Introduction
As usual, pull the files from the skeleton and make a new IntelliJ project.
In previous labs, we have seen various types of graphs, including weighted, undirected graphs, as well as algorithms that can be performed on them. In this lab, we will be introducing a few algorithms which can be used to find a minimum spanning tree.
Minimum Spanning Tree
Consider an undirected graph \(G = (V,E)\) comprising of a set of vertices, \(V\), and a set of edges, \(E\). Let’s break down the term, minimum spanning tree.
A tree is an acyclic (has no cycles) and connected graph. If it has \(N\) vertices, then it must have exactly \(N - 1\) edges in order to satisfy these properties. A tree can be as small as just a single node in a large graph.

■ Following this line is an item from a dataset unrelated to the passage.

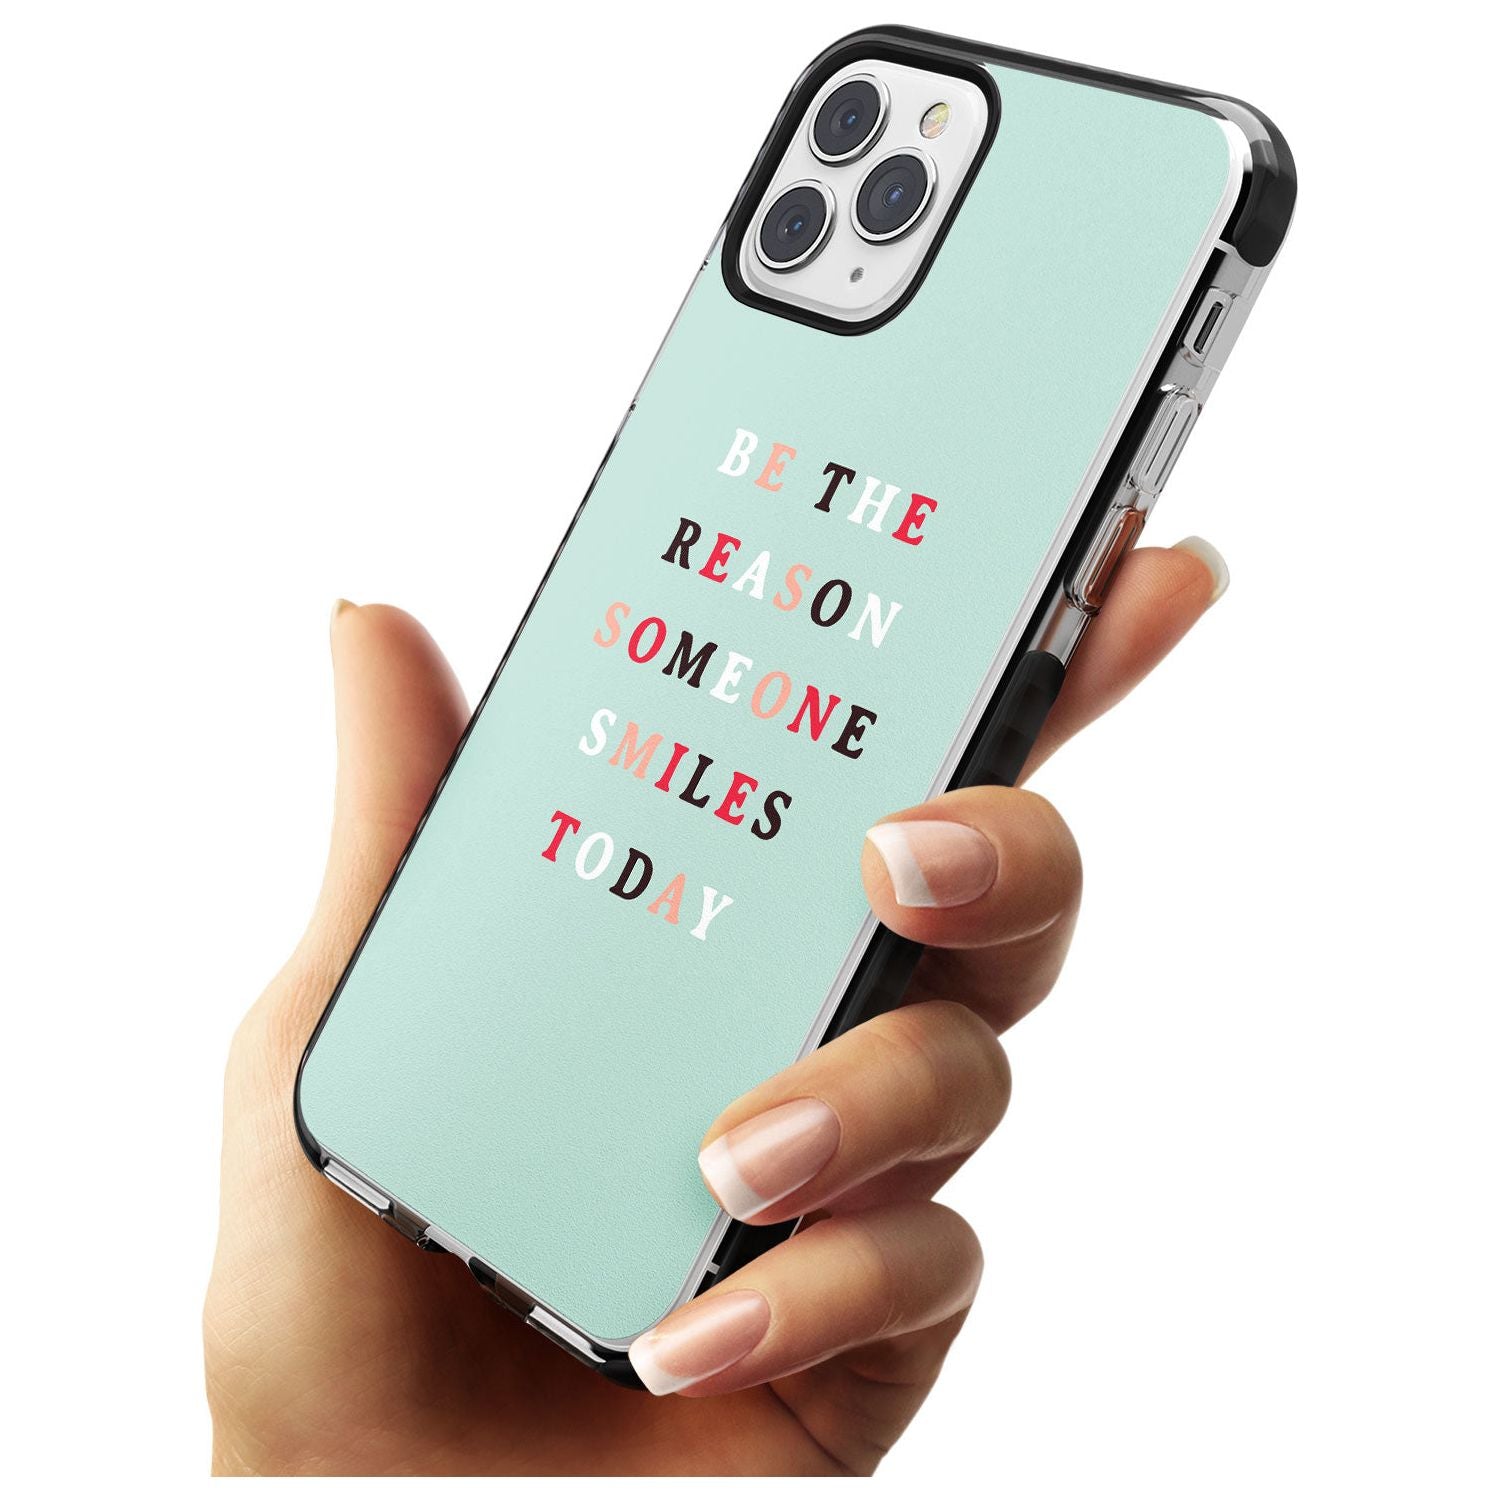 Be the reason someone smiles Black Impact Phone Case for iPhone 11 Pro Max

A spanning tree further requires not just any small tree in the graph, but one which spans all the vertices in the graph. Formally, a spanning tree \(T = (V, F)\) of \(G\) is a tree that contains all of the vertices of \(V\) of the graph \(G\), and a subset of its edges: \(F \subseteq E\), where \(|F| = |V| - 1\) edges from \(G\).
Here’s an example of two different spanning trees on the same graph. Notice how each spanning tree consists of all of the vertices \(V\) in the graph, but exactly \(|V| - 1\) edges while still remaining connected. Because the original graph \(G\) may have many other edges, it’s possible for there to exist multiple spanning trees.
If \(G\) is not a fully-connected graph, then a similar idea is one of a spanning forest, which is a collection of trees, each having a connected component of \(G\), such that there exists a single path between any two vertices in the same connected component.
A minimum spanning tree (MST for short) \(T\) of a weighted undirected graph \(G\) is a spanning tree where the total weight (the sum of all of the weights of the edges) is minimal. That is, no other spanning tree of \(G\) has a smaller total weight.
Consider the graph below. Which edge is not in the MST of this graph? Discuss with your partner.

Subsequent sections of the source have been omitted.